Der Körper zeigt es einem, wenn man sich früh ins Bett begibt und wann und wie wach man dann früh auch auf ist.

Wecker sollte tabu bleiben im optimalen Falle.

Vor Mitternacht ins Bett zu gehen ist sehr sehr förderlich.

Und was man am Abend unmittelbar vor dem Schlafen macht ist wichtig für die Erholung. Ob Trhiller angucken oder Besinnliches Beisammen sein oder Nichts und Ruhe geht mit in den Schlaf über.

Sollte man Nachts aufwachen, hilft es einfach wachsam zu bleiben ohne darüber nachzudenken oder es zu verurteilen, was einen da im Schlaf bewegt.

Z.B.: Gibt es Unverdautes, das dann Nachts hoch kommt.
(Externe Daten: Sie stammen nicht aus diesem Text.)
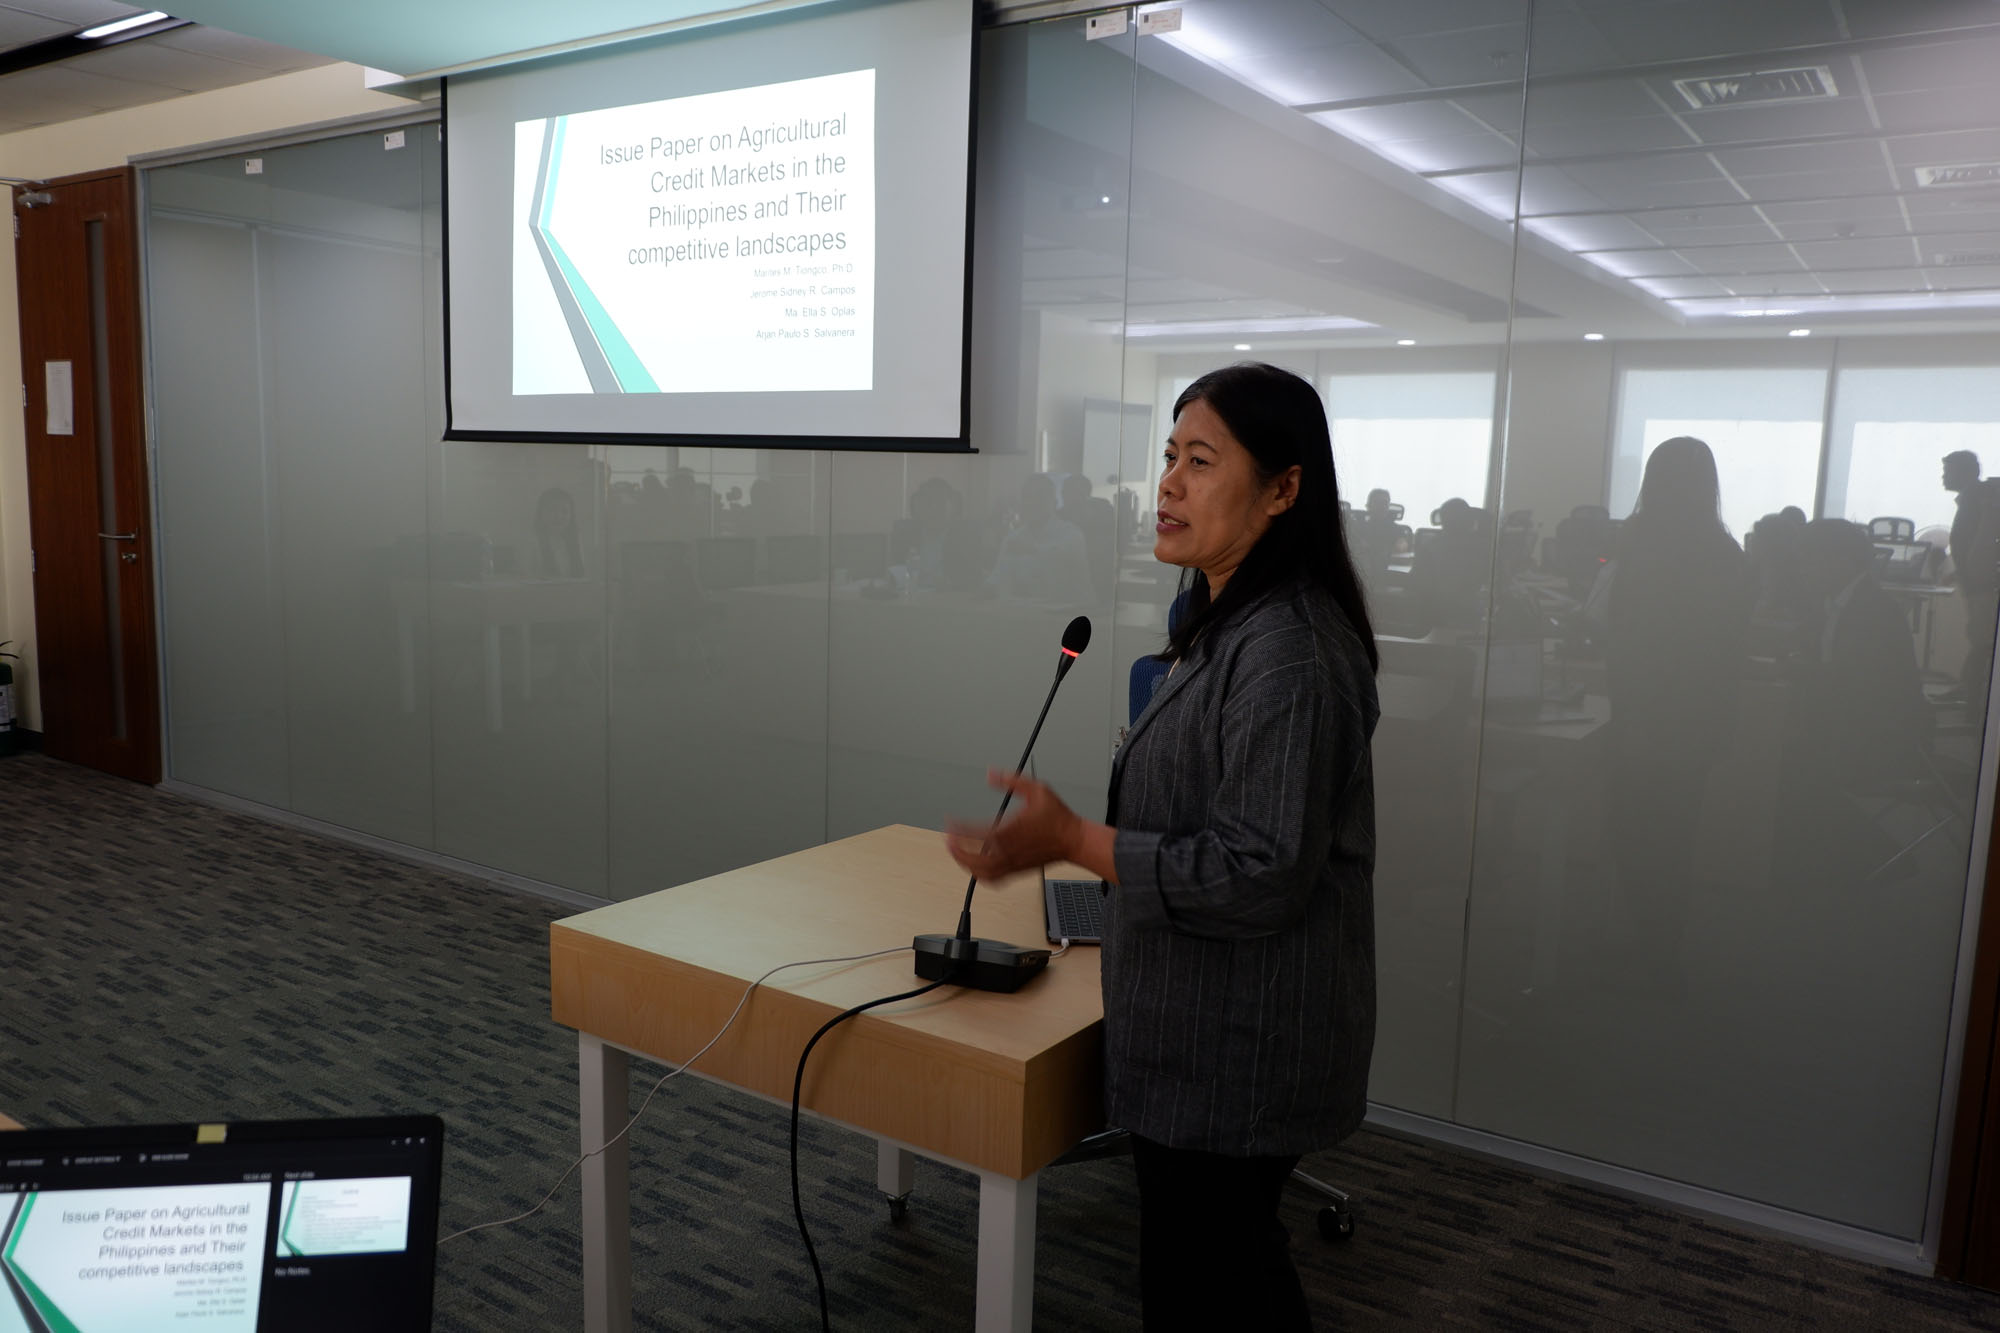 Competition Issues on Agriculture Credit Markets in the Philippines and Their Competitive Landscapes-pcc-agri-8-20180223.jpg

Dann ist es hilfreich liebevoll mit sich zu bleiben und nur wach. Irgendwann fällt man dann in den Schlaf wieder. Den Geschichten keine Energie geben. Einfach nehmen und wieder vorbeiziehen lassen. Dadurch verlieren sie mit der Zeit ihre Dramatik und lösen sich auf.

DEN erwachsenen Menschen gibt es nicht. Das ist individuell.

zwischen 6 und 8, durchschnittlich, aber von mensch zu mensch verschieden

8 Std. wäre schon top!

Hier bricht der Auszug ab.